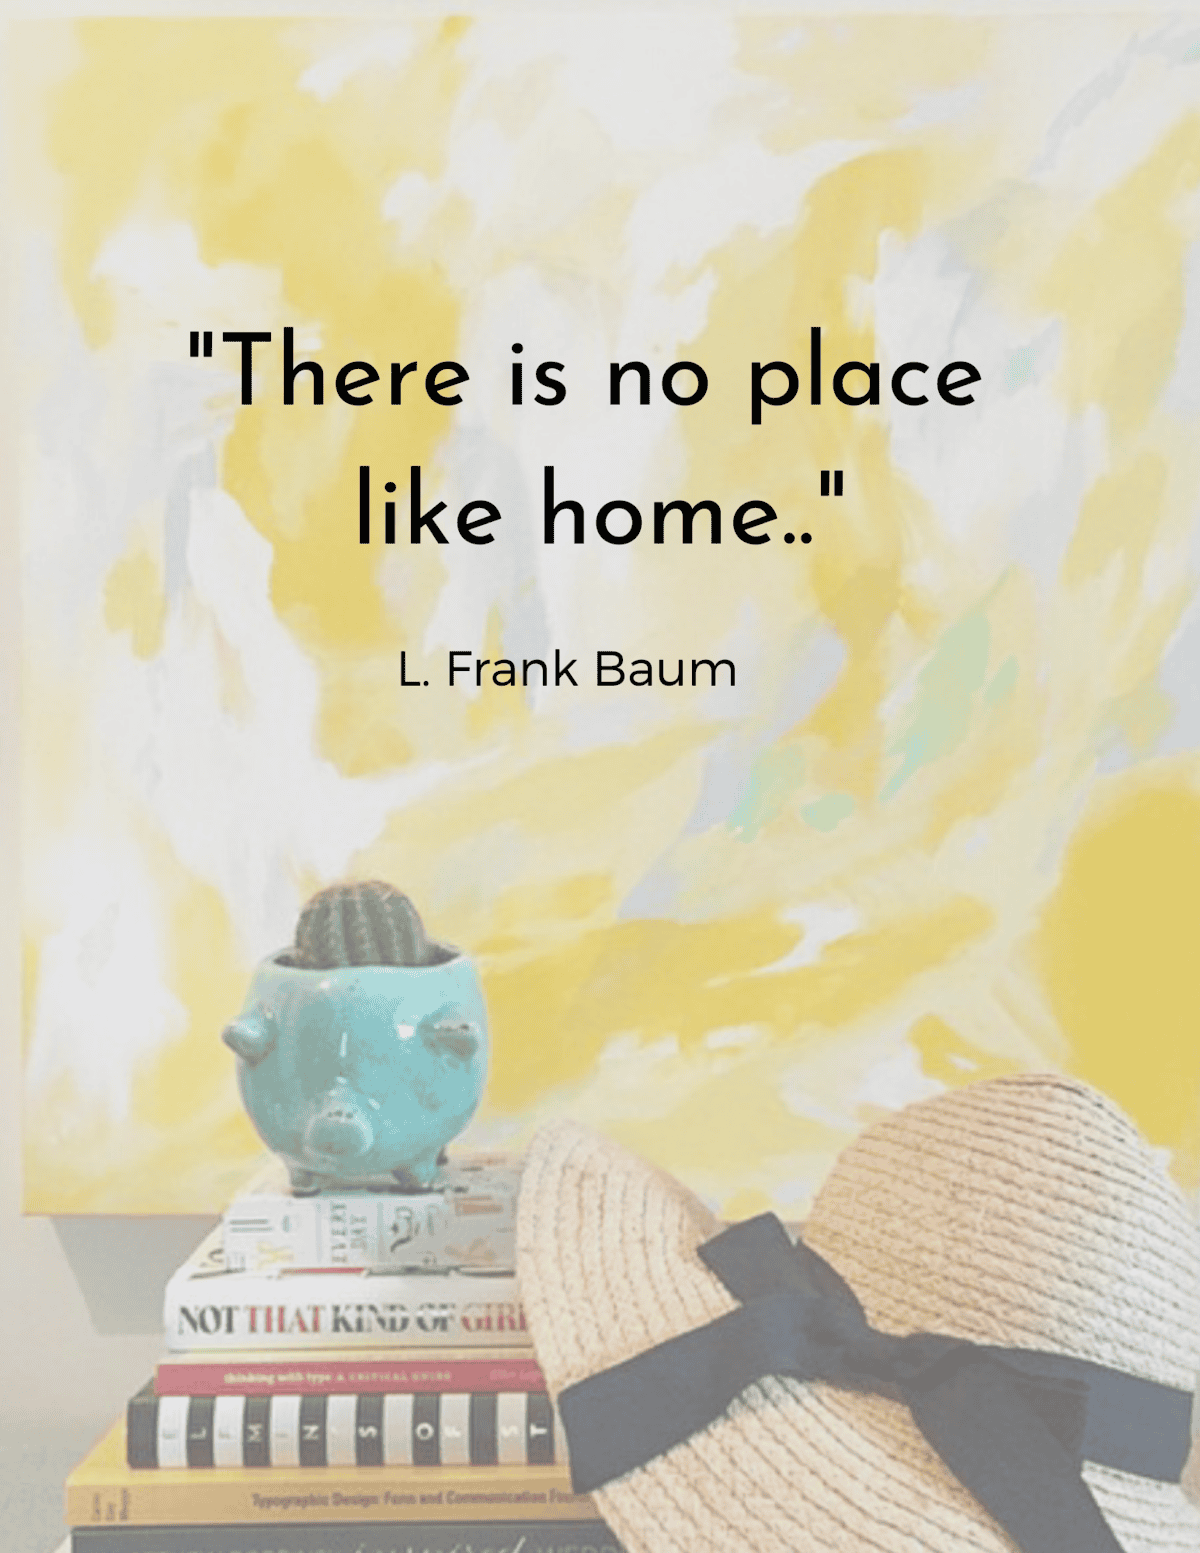 There is no place like home quote over yellow abstract art
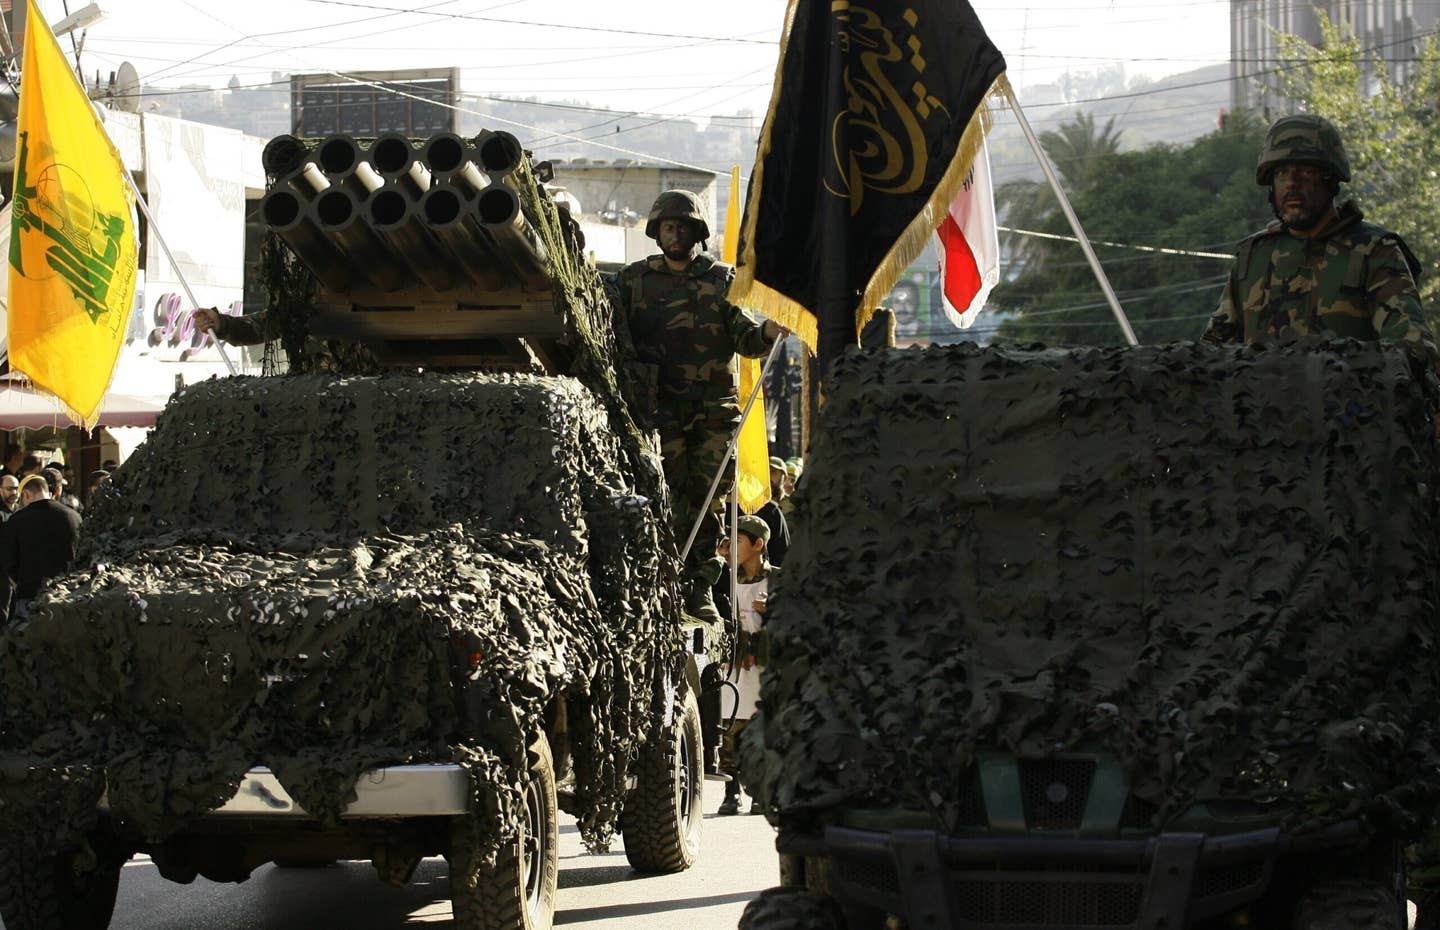 Members of Hezbollah stand on a pick-up truck mounted with a multiple rocket launcher as they take part in a parade in the southern city of Nabatiyeh on November 7, 2014. <em>MAHMOUD ZAYYAT/AFP via Getty Images</em>
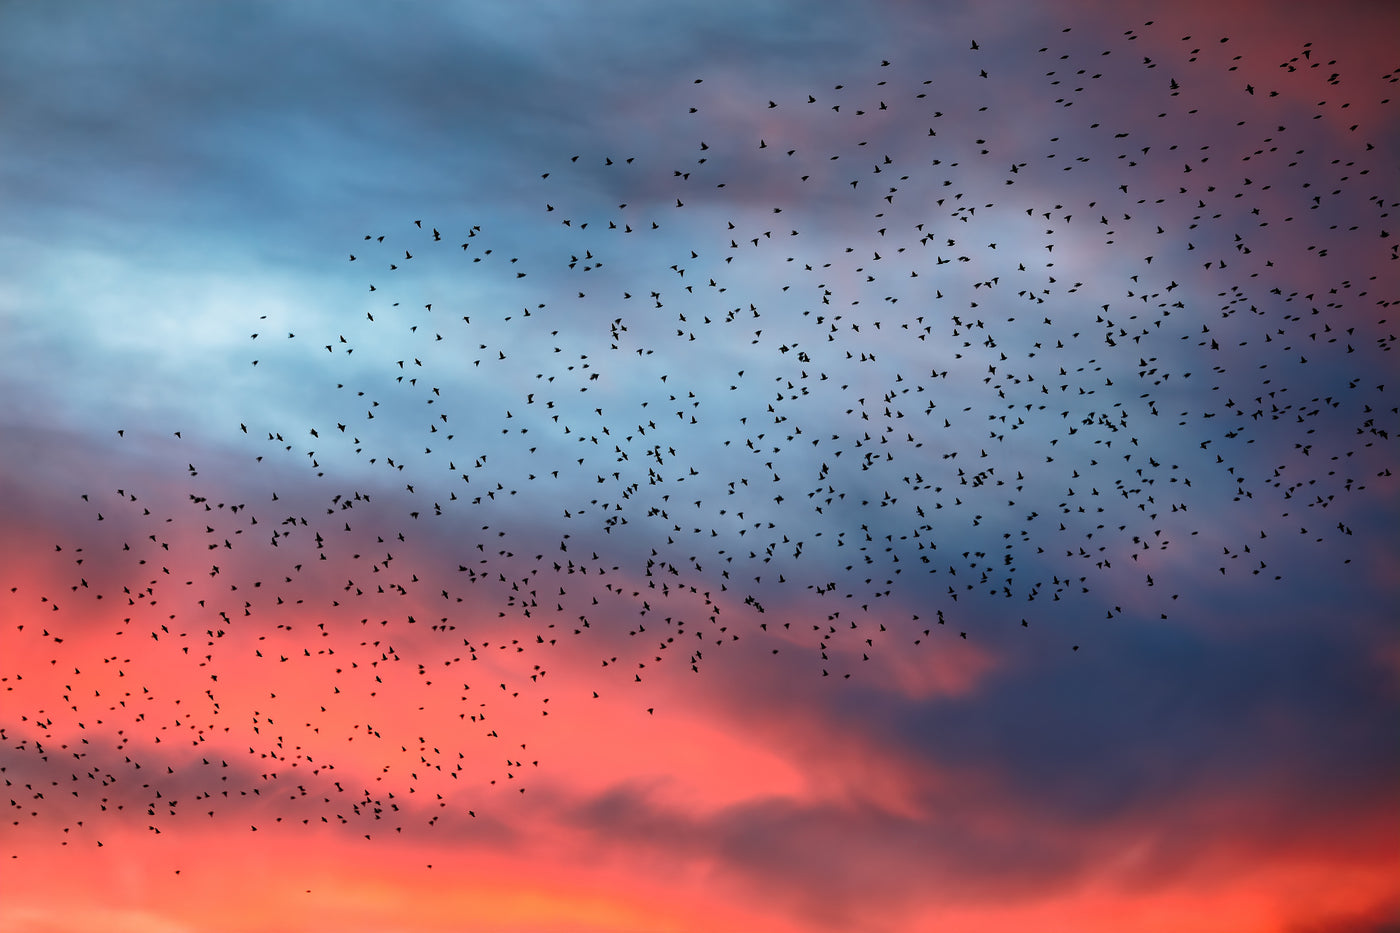 Image of sunset sky with many birds flying around in the distance.
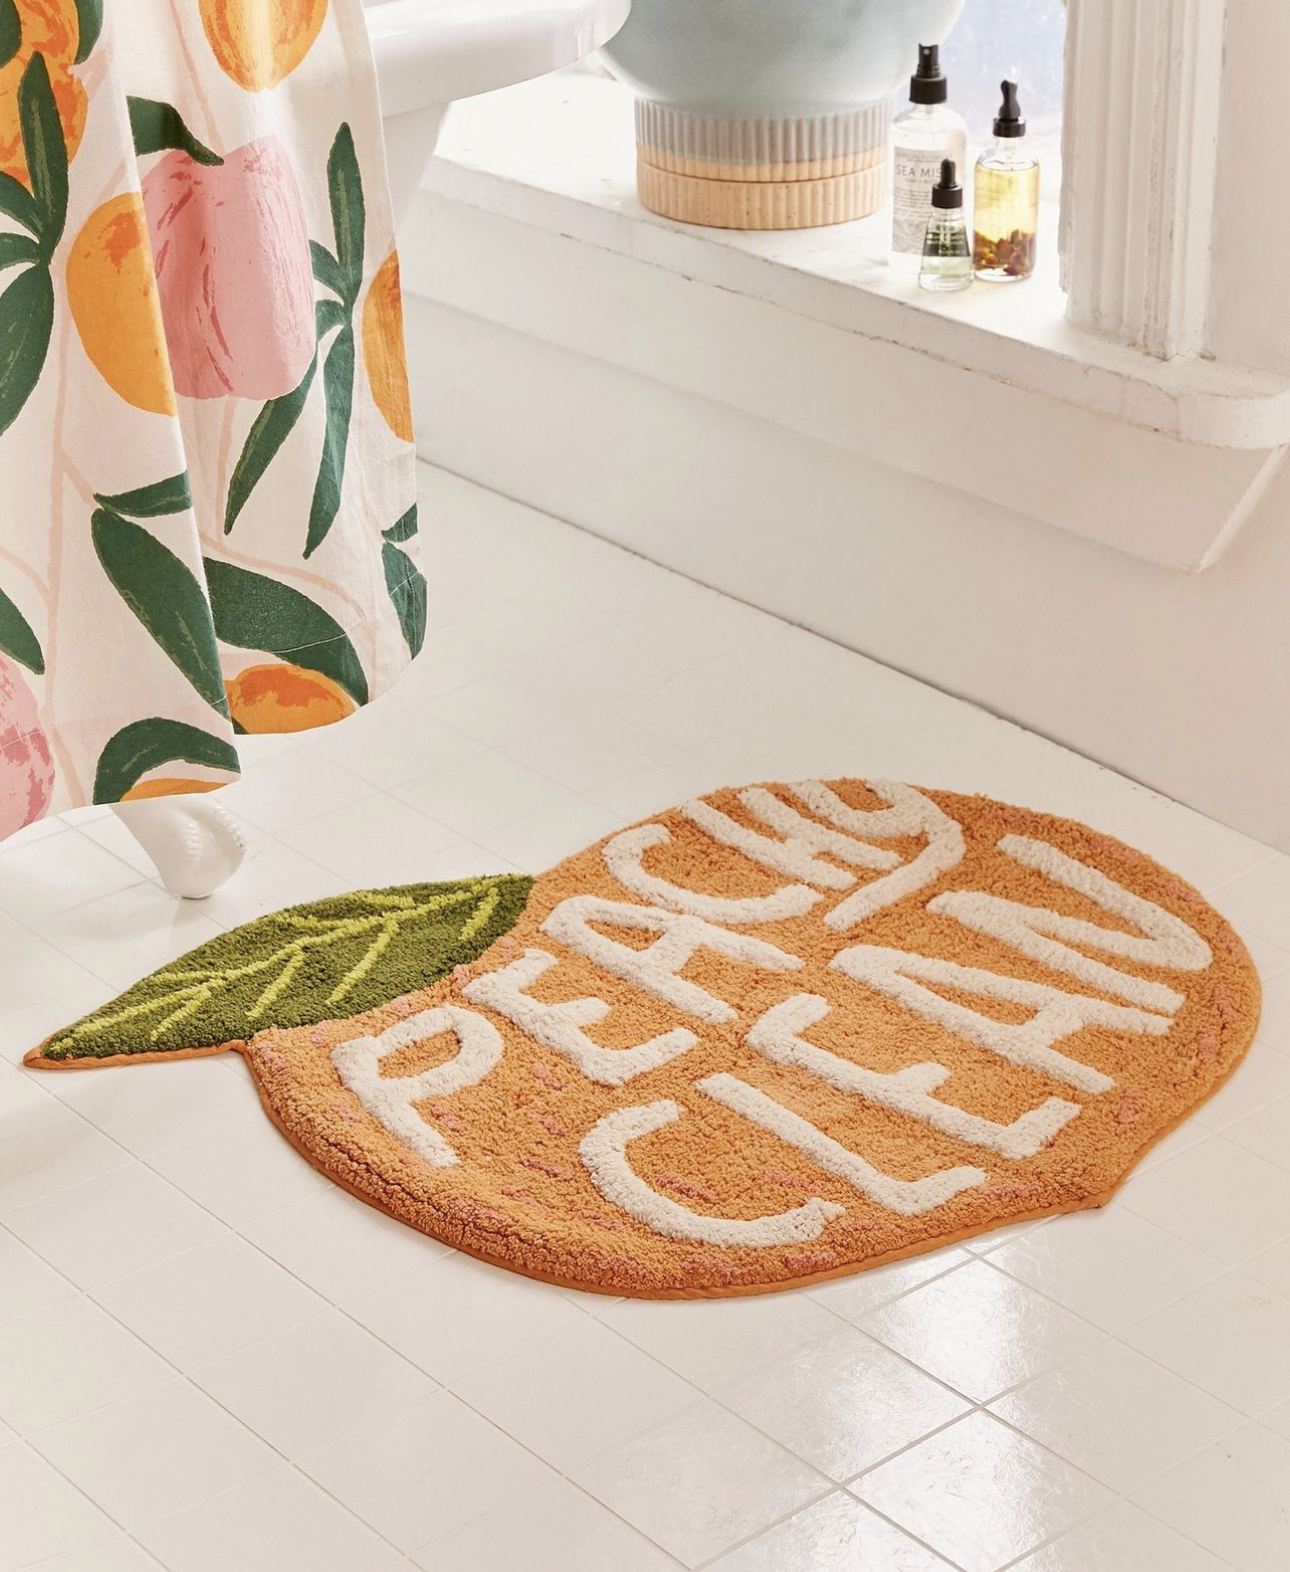 A bathroom rug in a peach design from Urban Outfitters

++++++++++

** Prompt **
Starting at the line that contains "Image of sunset" and ending at the final line of the data, reproduce each line exactly. Pictures stay out of the copy.

** Solution to this problem **
 Image of sunset sky with many birds flying around in the distance.
 A bathroom rug in a peach design from Urban Outfitters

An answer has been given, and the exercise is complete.